Java: Always explicitly specify which XML parser to use
There is the following design error in Java (at least in Servlets):
- A server may serve multiple applications; each application may use different libraries or even different versions of the same library, "side by side".
- XML parsers, transformers (XSLT), etc., have a standard interface, and there may be different implementations of this interface from different vendors, open-source projects, etc.
- Which XML parser, transformed etc. is actually used depends on a global system variable.
And it's point 3 that's the problem really. Points 1 and 2 are debatable: they certainly bring advantages, but they certainly bring complexity too.
I just had the problem that one of my web applications stopped working, but only intermittently. Restarting the server led to everything being OK, but later things would not be OK. I do hate environments where everything appears to work, yet in fact doesn't. I mean how do you know when you're "done" in such an environment? (Or how do you even know you are in such an environment?)
The bug was caused by:
- Application one used the default XML parser, and didn't have any extra JARs (libraries) for reading XML
- Application two required a special XML parser, set the global variable so it would be used, and included the JARs necessary for the special XML parser
So when a request came to application 1, after a request had come to application 2, then the system would try to instantiate the special XML parser within application 1 (specified in the global variable set by application 2), but wouldn't find it, as it wasn't deployed in application 1 (and applications can't use one another's libraries, due to feature #1).
This seems obvious when one describes it, but looking at the logs, on a live server, with the system down and the clock ticking? – Far from obvious.
So now, I assert, every time you want to create an XML parser, do the following:
If you require a special XML library, use:
System.setProperty("javax.xml.parsers.DocumentBuilderFactory", "org.apache.xerces.jaxp.DocumentBuilderFactoryImpl"); DocumentBuilderFactory dbf = DocumentBuilderFactory.newInstance(); ...
If you require the standard XML library, use:
Properties systemProperties = System.getProperties(); systemProperties.remove("javax.xml.parsers.DocumentBuilderFactory"); System.setProperties(systemProperties); DocumentBuilderFactory dbf = DocumentBuilderFactory.newInstance(); ...
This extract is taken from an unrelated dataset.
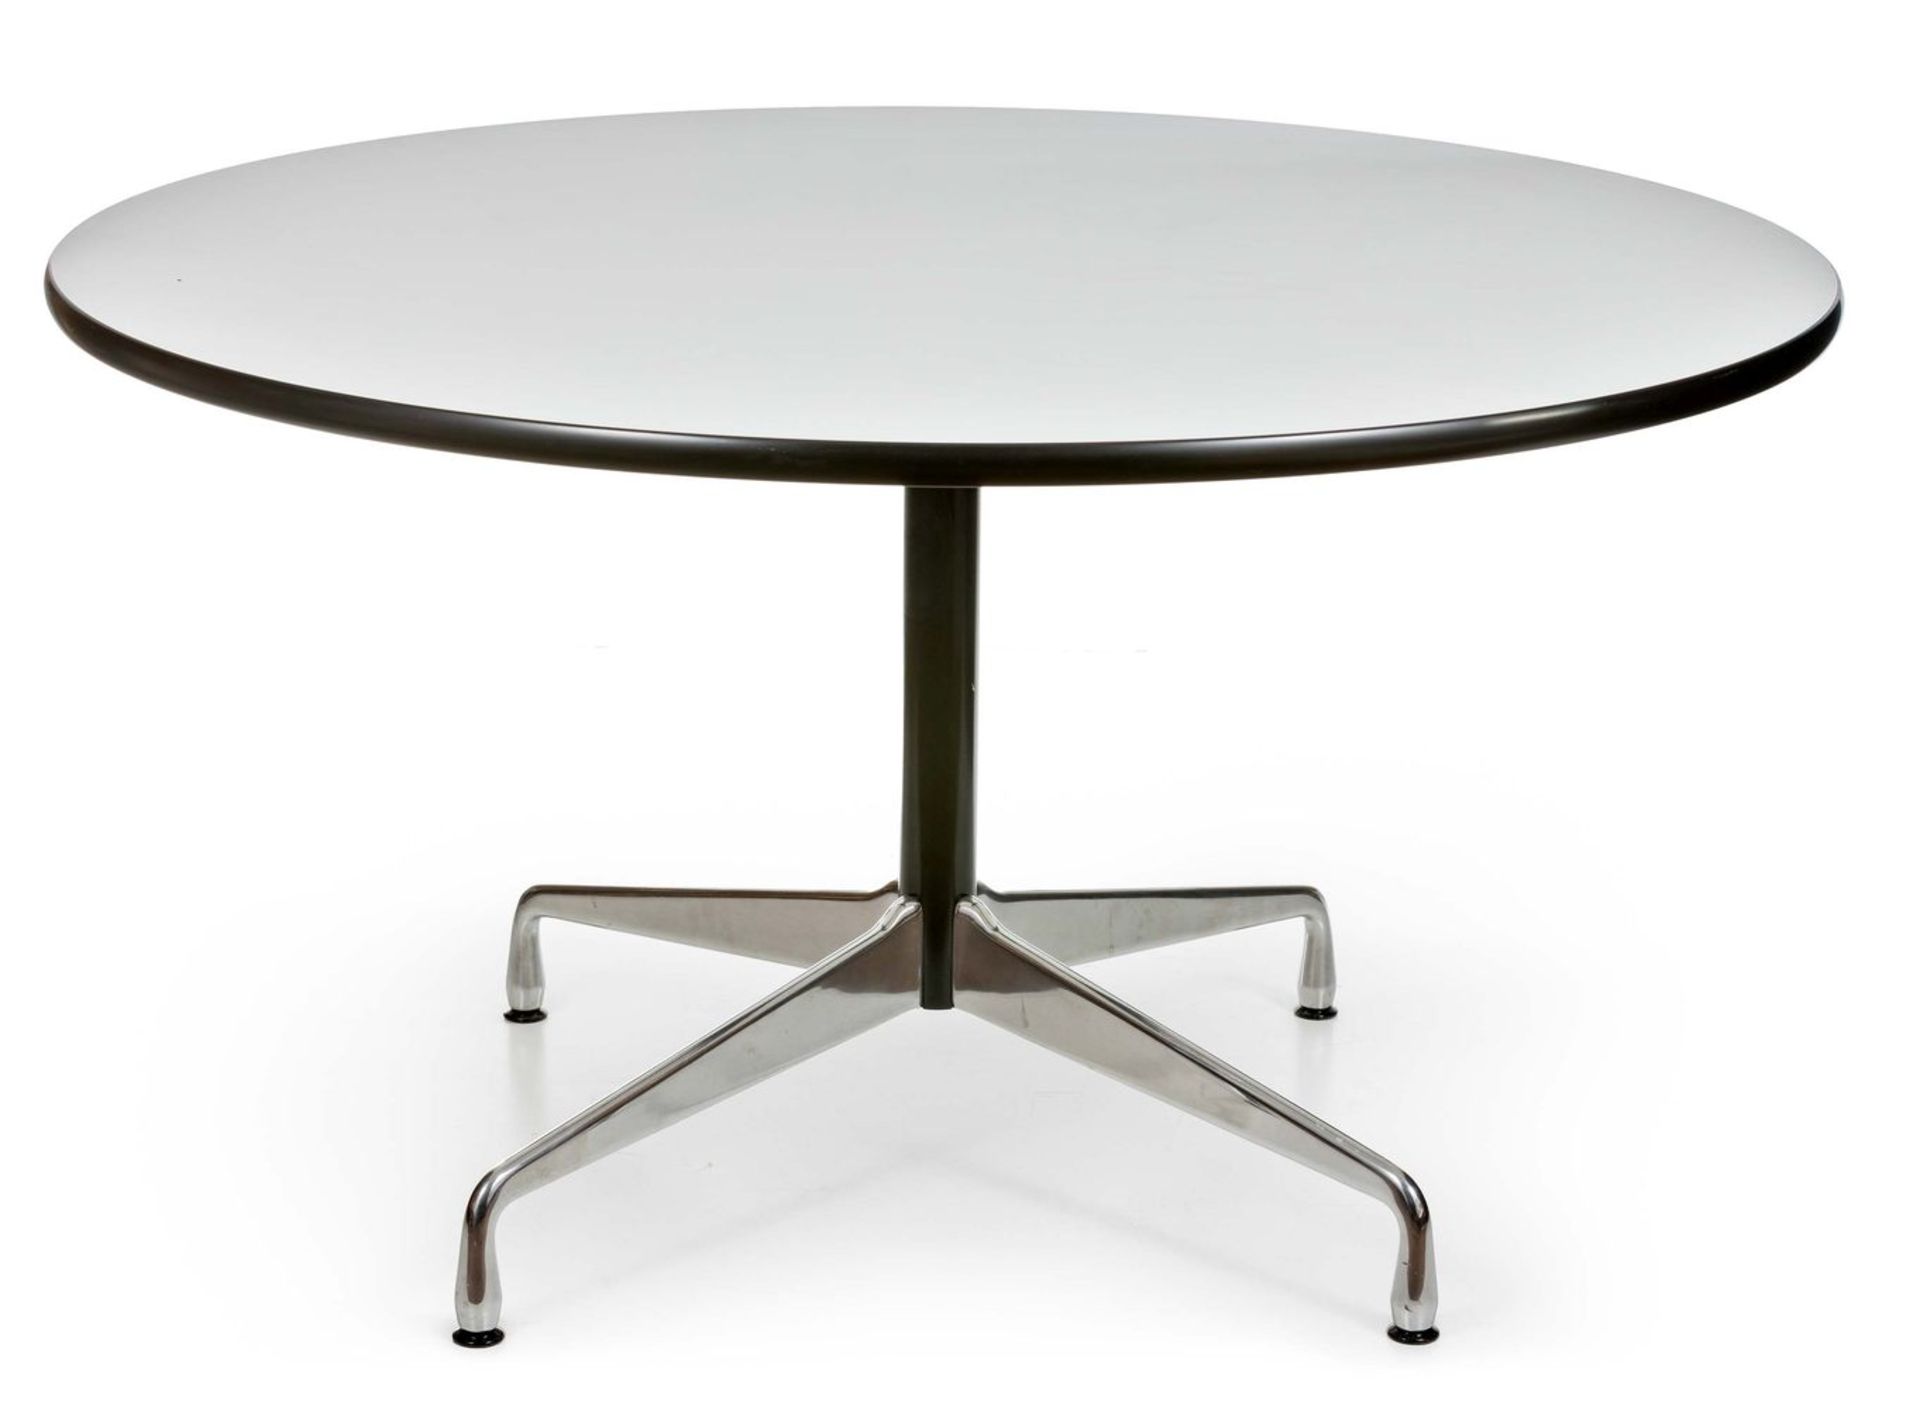 Vitra-Contract-Tablenach dem Entwurf von Charles und Ray Eames, um 1950Runde weiße Platte mit HPL-

There is also the possibility to pass a parameter to DocumentBuilderFactory to specify which XML parser technology to use. That's a good option too, as it wouldn't "corrupt" this global variable ("system property"). However I think one should be defensive, and always delete the global variable if one wishes to use the standard XML parser, and therefore it doesn't matter if this global variable gets corrupted or not.
Never do the following:
DocumentBuilderFactory dbf = DocumentBuilderFactory.newInstance();
This simply relies on whichever XML parser is currently set in the global variable. You have no way to guarantee that some other application running on the same server won't set the global variable to use an XML parser you don't have installed in your application. Even if you have control of the server and all applications, you don't know what software you'll be writing in the future. (In this case I installed a new application to a server which'd been running fine for 1 year, but due to setting the global variable, the old application broke..)
The same applies for all those other "factory" situations such as TransformerFactory.newInstance() etc.
This feels all quite inelegant to me, and has just cost me a lot of time, and it's not as if I'm so new to programming Java. I am wondering if there is a better way to approach it? Or is Java just broken in this particular respect?
P.S. This is not the only thing that went wrong with the old application today. I upgraded from Java 5 to Java 6 and suddenly some XML was not compliant against a schema according to Java – I had hit this error.